Problem requirements: Only the lines from the one containing "My trip to San Miguel de Allende" to the end of the data should be copied, exactly and without pictures.

Raw data START

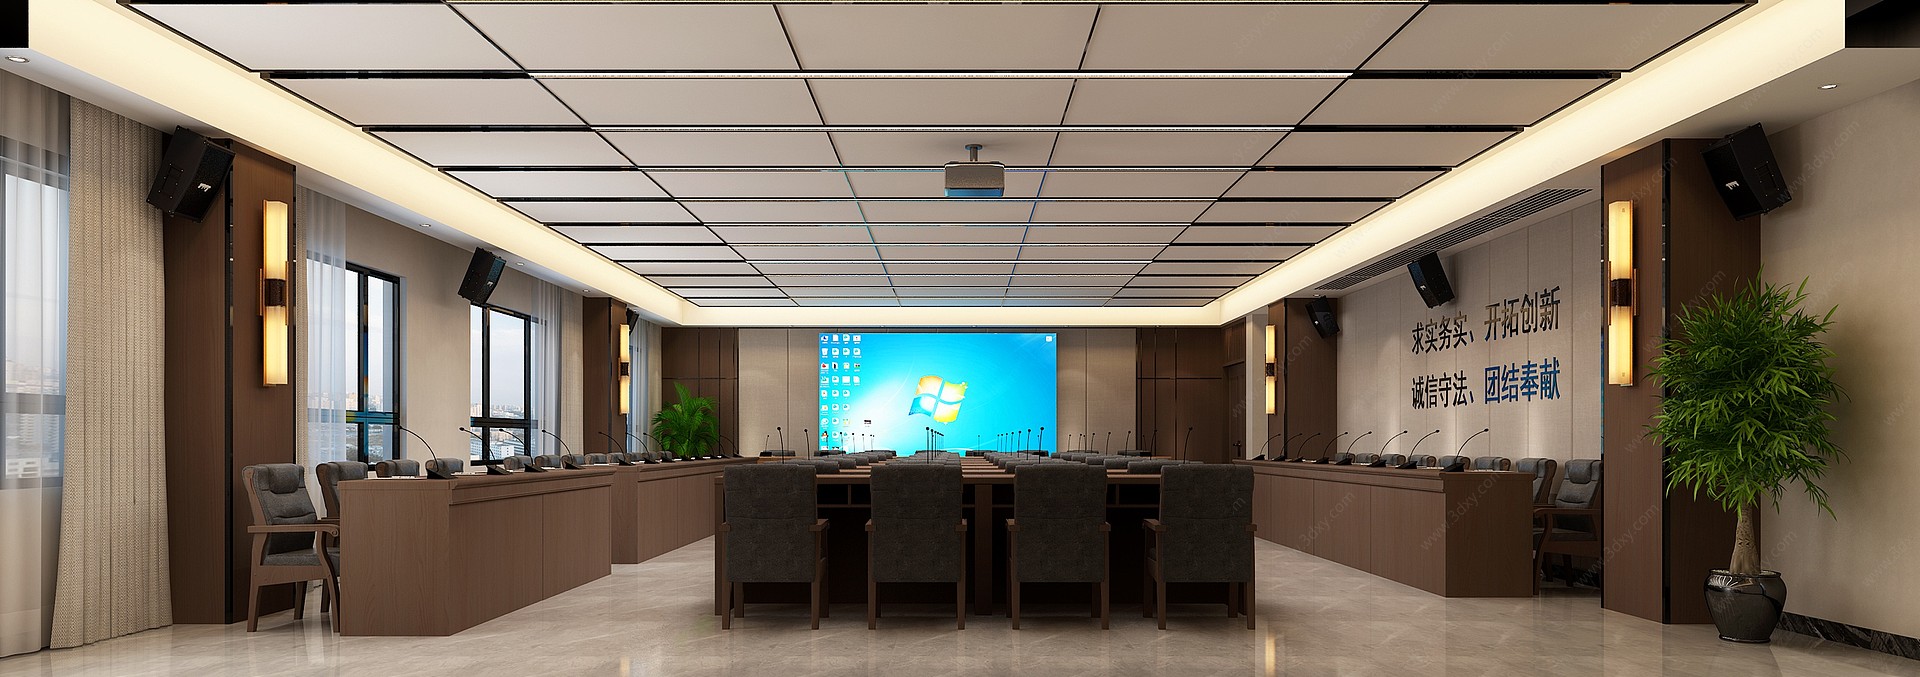 现代会议室接待室3D模型
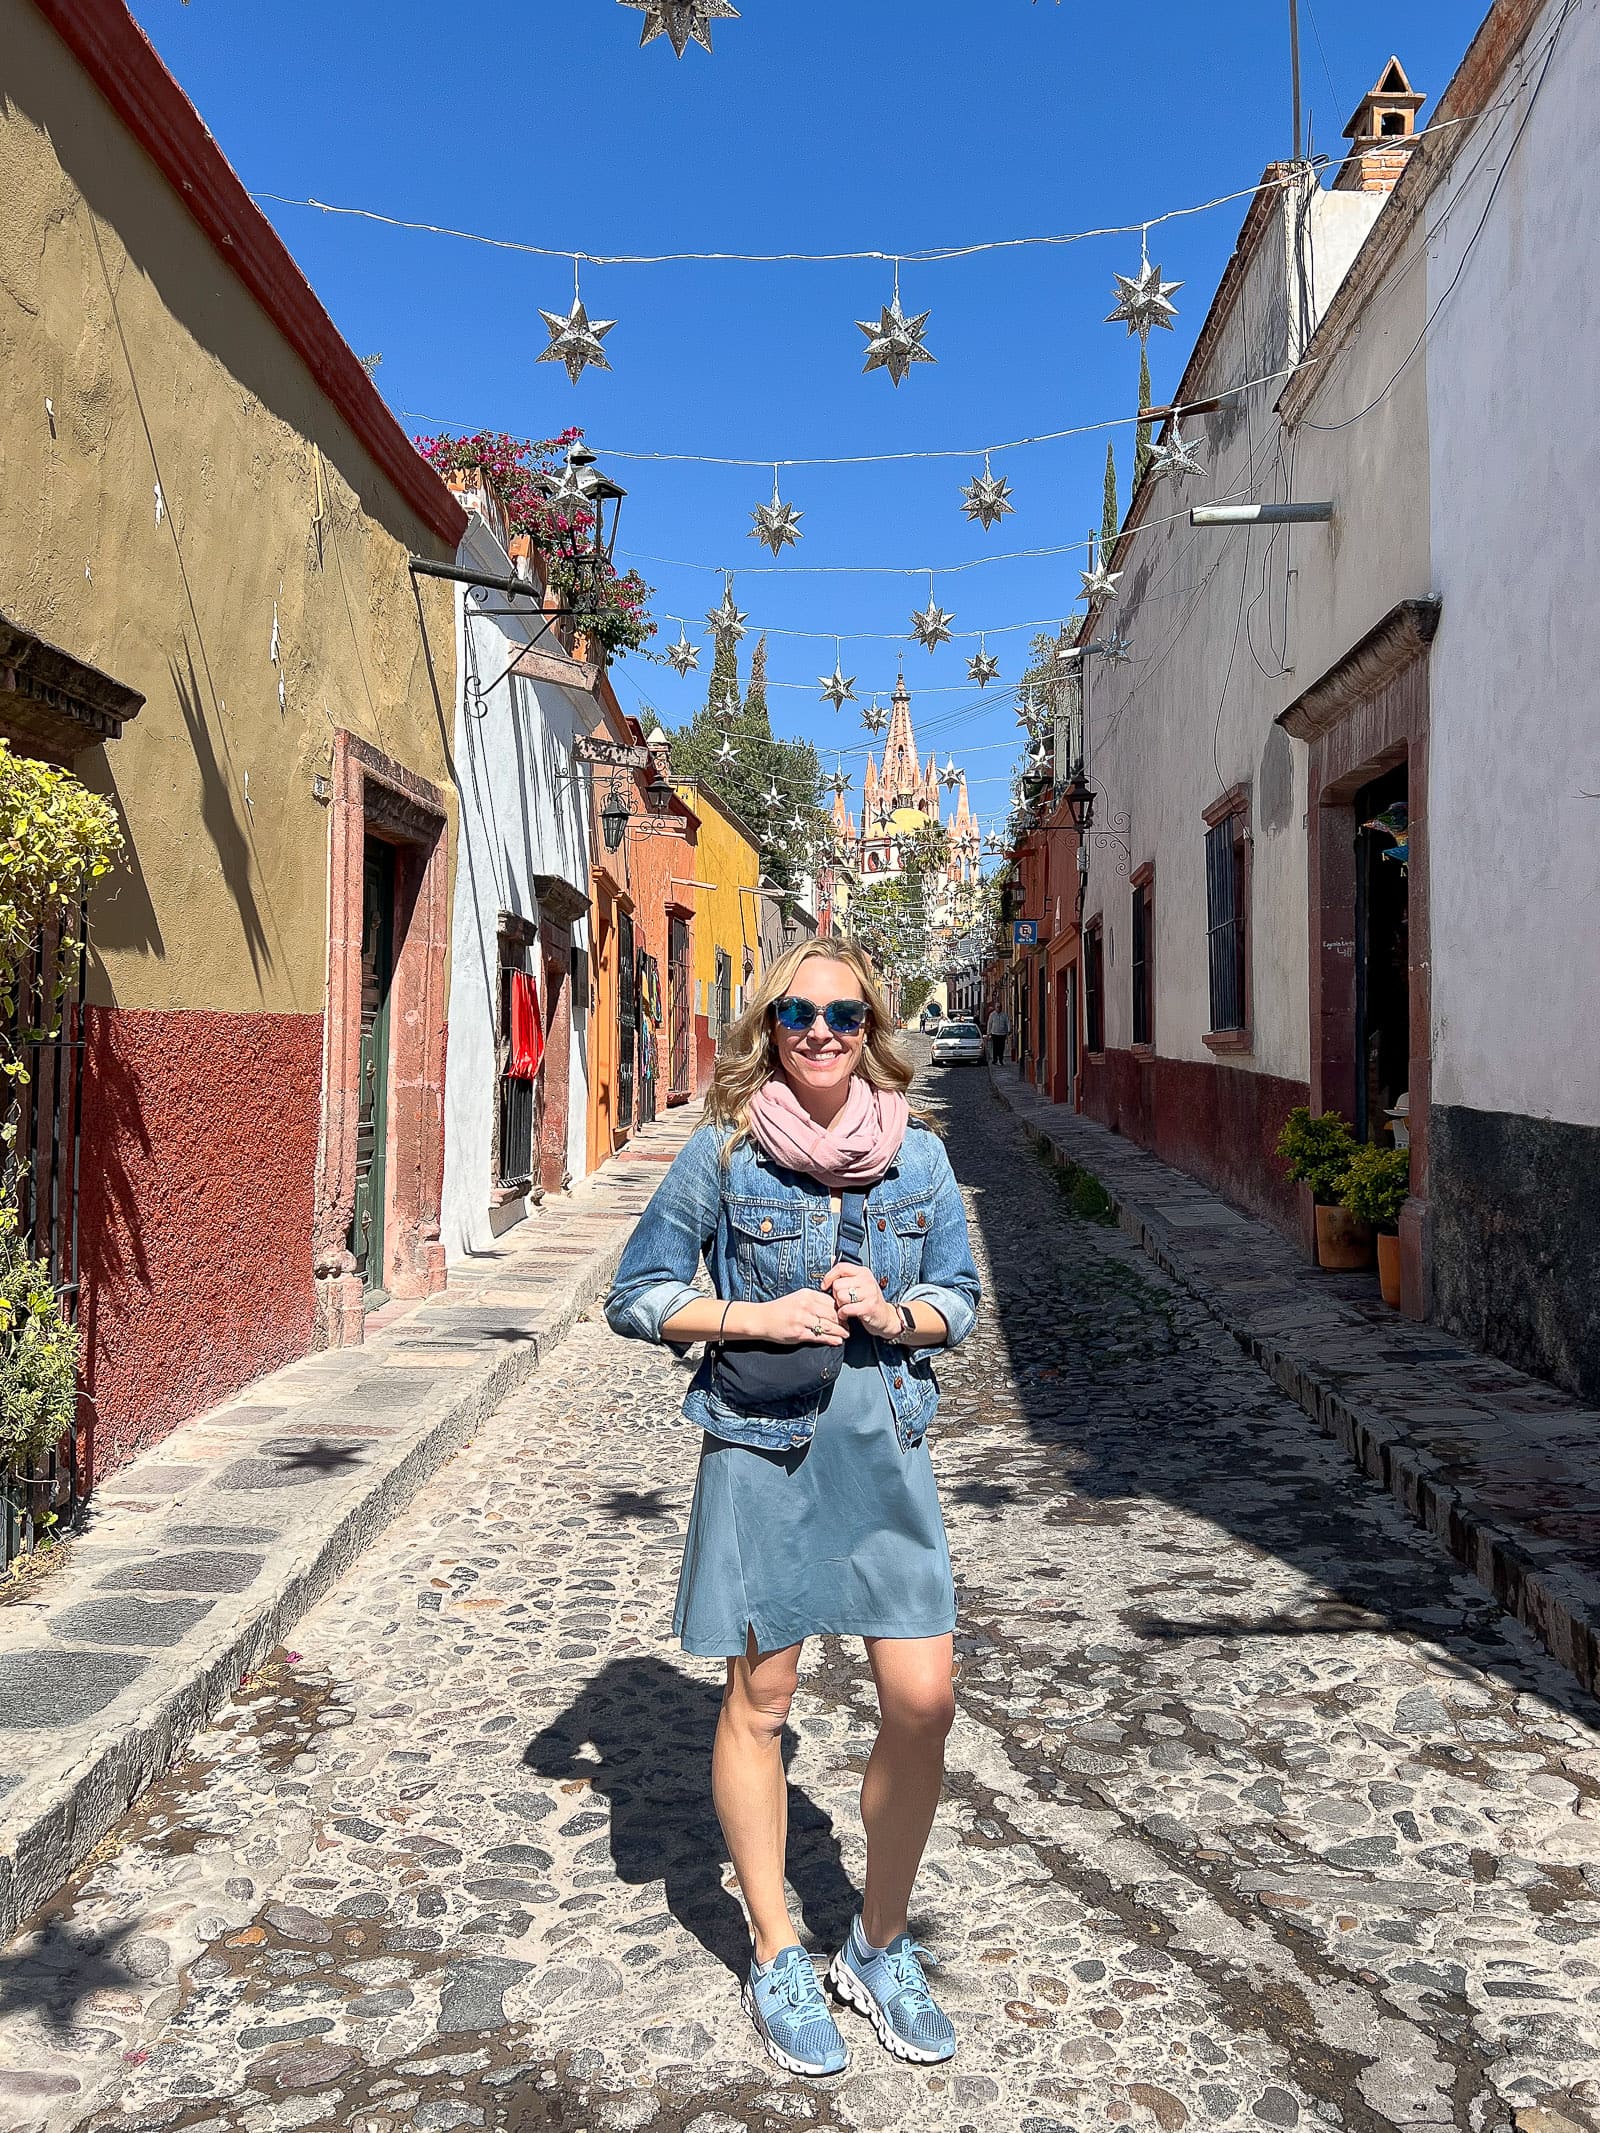 My trip to San Miguel de Allende
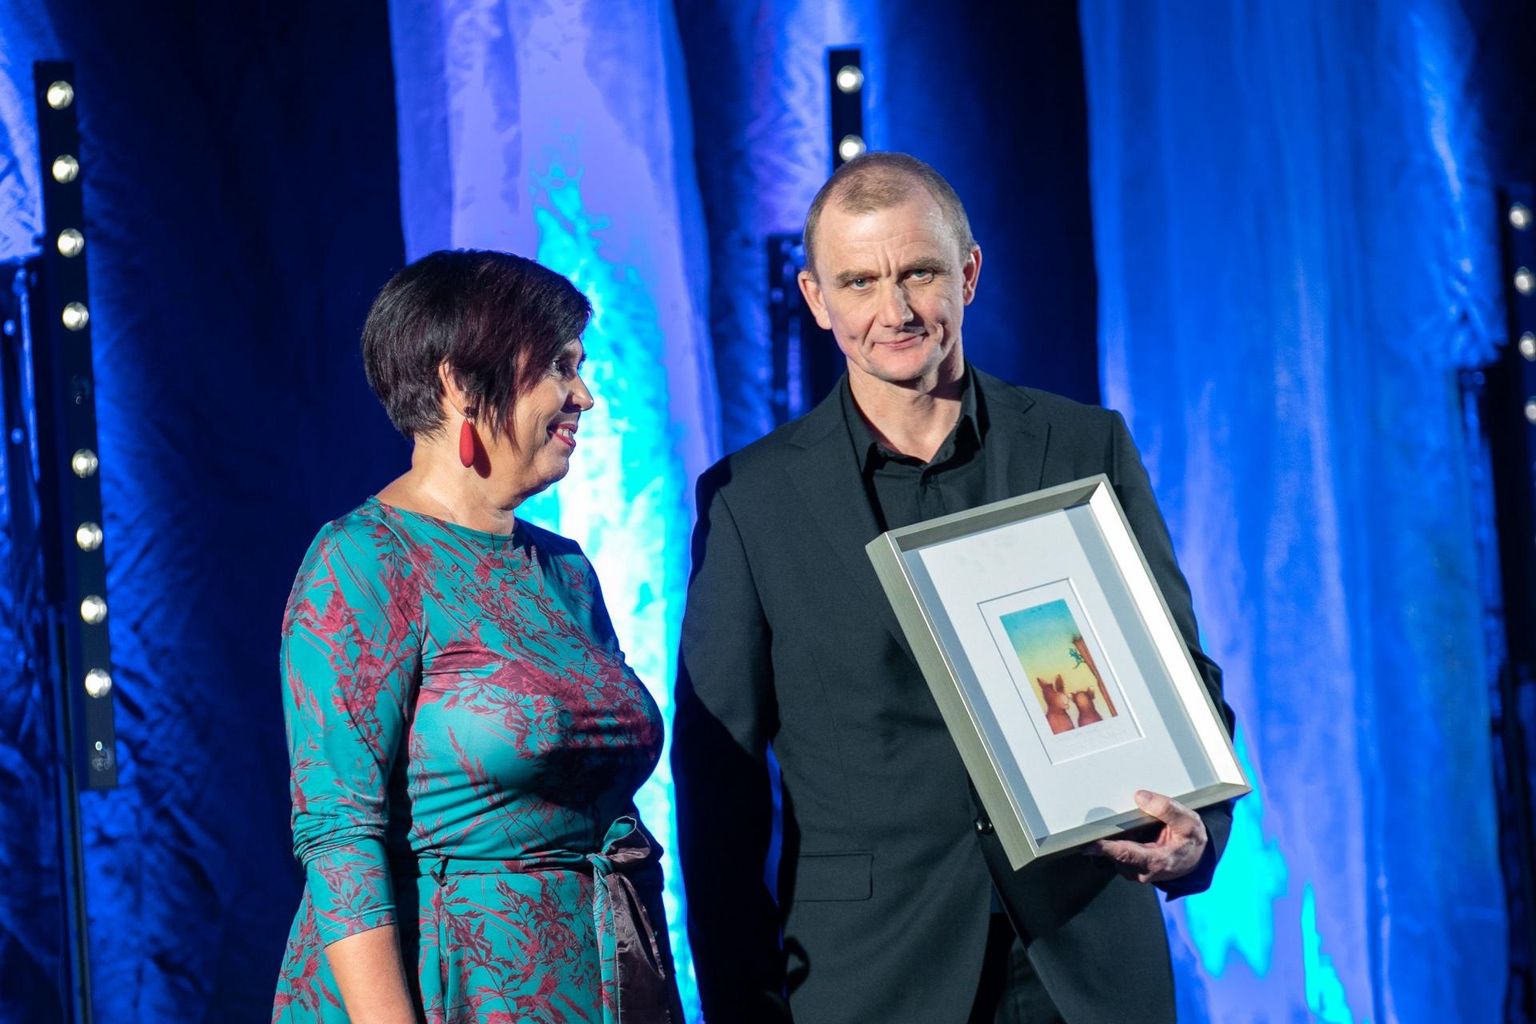 Möödunud aastal võttis Aru Grupi asutaja ja juhataja Juhan Viise vastu nii aasta ettevõtte tiitli kui ka Luminori eriauhinna, mille andis üle Janne Nukk.

Raw data END

Exercise answer:
 My trip to San Miguel de Allende
 Möödunud aastal võttis Aru Grupi asutaja ja juhataja Juhan Viise vastu nii aasta ettevõtte tiitli kui ka Luminori eriauhinna, mille andis üle Janne Nukk.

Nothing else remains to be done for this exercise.